Some analysts have described current voter angst as a hangover of economic success. "Americans have developed perfectionist standards," economics columnist Robert J. Samuelson has argued. "We expect total prosperity and are disappointed by anything less." And conservative pundit George Will recently decried the nation's "economic hypochondria" -- an entitlement mentality characterized by a low threshold for economic pain.
As Hacker says, these pundits are looking at the wrong indicators:
But the problem isn't the public -- it's the standard statistics used to judge the economy. Inflation, unemployment and economic growth all capture economic performance at a particular moment or period. Yet a growing body of theory and evidence suggests that to understand public perceptions, one should look at the security and stability of family finances over time. With that perspective, the grounds for unease suddenly look much clearer.

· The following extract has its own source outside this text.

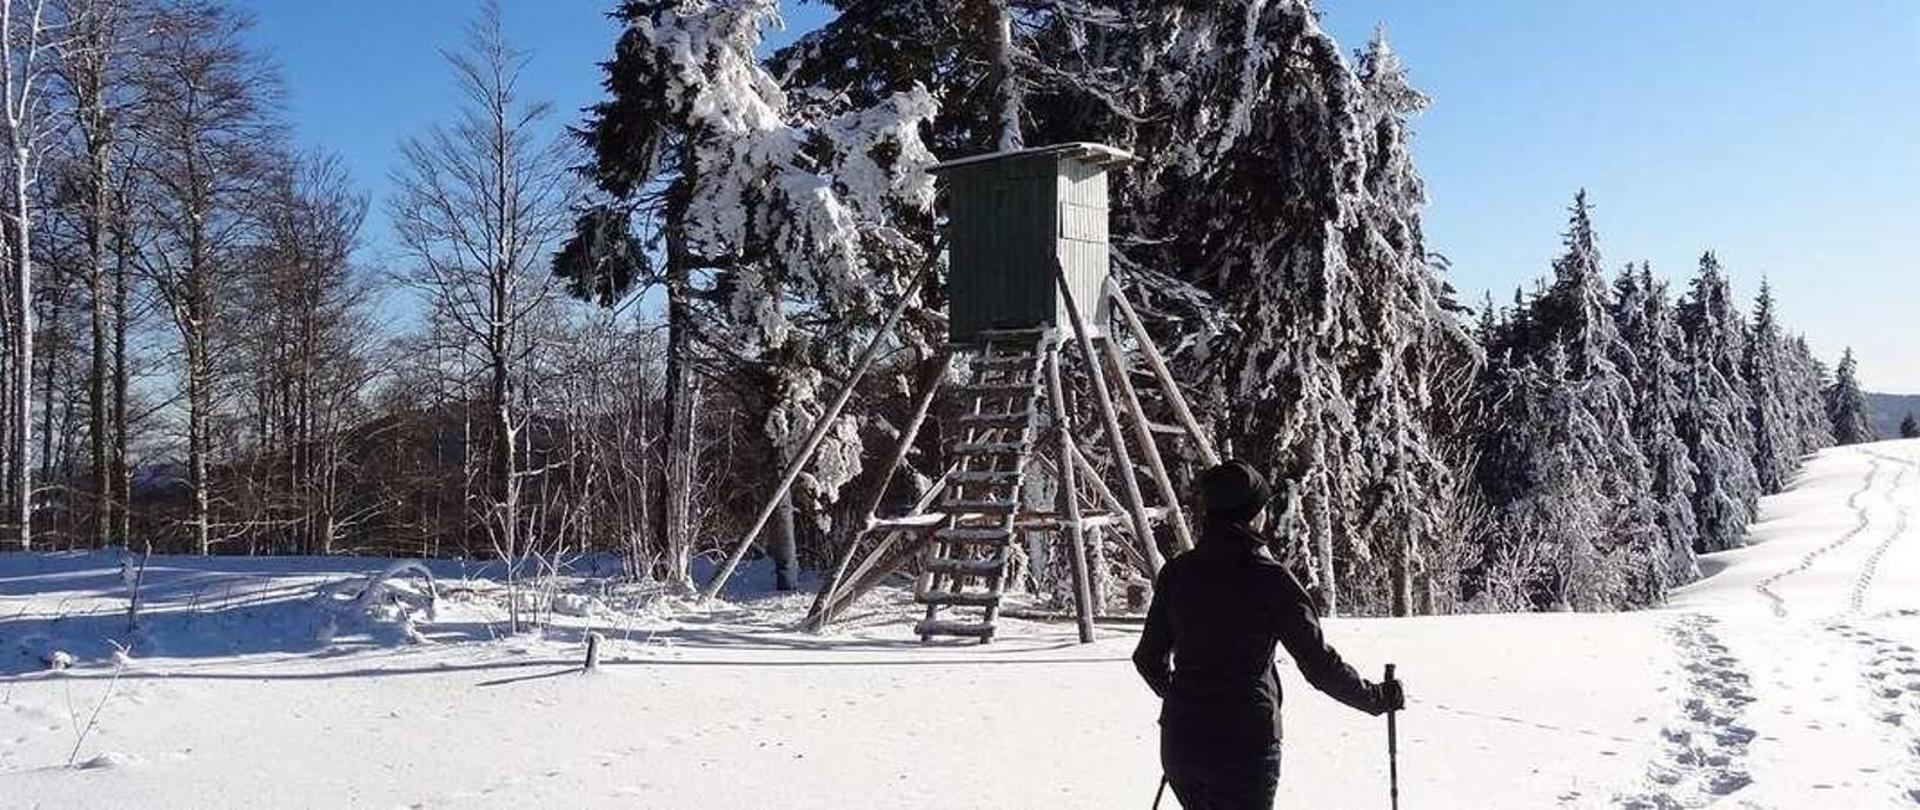 schneeschuhlaufen3-1.jpg

This is absolutely right. Even as a recent and relatively young member of the American workforce, I have to say that my biggest fears are that somehow my retirement savings won't pan out, even though I'm making an effort to plan ahead; that even if I go to graduate school to get credentials for a professional career track, I won't be able to afford increasingly high property values and the better schools that come along with the areas that are home to expensive properties; that my health care premiums will be exhorbitant. Low joblessness and a strong market don't shed any light on such concerns.
However, narrow, short-sighted economic analysis is the way many analysts and politicians in our country look at growth. Consumer confidence and, in particular, strong consumer spending are overly-relied-upon indices in a country whose average savings rate is zero. If people are not saving, there will be a point when our country will have to face the prospect of a large population who cannot afford retirement: at at time when social security dividends will be depleted, the U.S. will need to somehow figure out how to support millions of cash-strapped retirees, or these people will have to keep working. So I fear.
What exactly is behind all of this?
In a path-breaking recent paper, "The Evolution of Top Incomes: A Historical and International Perspective," Thomas Piketty of Écoles Normales Supérieure in Paris and Emmanuel Saez of the University of California at Berkeley have shown that the share of national income held by the richest 1 percent of Americans -- stable at about 32 percent throughout the middle decades of the 20th century -- began to rise sharply in the late 1970s and by 2002 had surpassed 40 percent. In the past few years, most income gains have gone to people at the very top of the income ladder, with middle-class Americans seeing only a small boost in their economic standing.
Income is not rising. Americans are being counted on to spend, to consume, even if it poses great risk to their savings and credit ratings, even if their salaries aren't increasing with inflation. Ultimately, according to Hacker, dissatisfaction wtih the economy boils down to instability:
...There's good reason to think that our economic lives are more unstable than they used to be. Bankruptcy, for instance, is much more common today than it was just 25 years ago and research by Elizabeth Warren of Harvard Law School -- presented in a 2003 law review article, "Financial Collapse and Class Status" -- shows that many of those who file for bankruptcy were once squarely middle class. Princeton economist Henry Farber, in his article "What Do We Know About Job Loss in the United States?" has found that the likelihood that a worker will lose a job over a three-year period has been rising -- and is now about as high as it was in the early 1980s, which saw the worst economic downturn since the Great Depression.
In my own research using the Panel Study of Income Dynamics -- a survey that has traced a large sample of Americans over time -- I've found that family incomes have become much more unstable since the 1970s; the gap between our income in a good year and our income in a bad year has expanded.
Hacker concludes by discussing studies showing Americans have great aversion to loss. Some might counter that the economy is cyclical, that fits and starts are to be expected. Funny how those people tend to be the ones who have never known the fits. Who can blame Americans for being loss-averse: loss is stressful, often traumatic. Such an experience weighs down upon anyone even in better times. In the back of one's mind is the fear of losing it all again. So, just as in 1992, it's the economy, stupid, but the establishment doesn't seem to yet understand why this is a problem for the Republicans.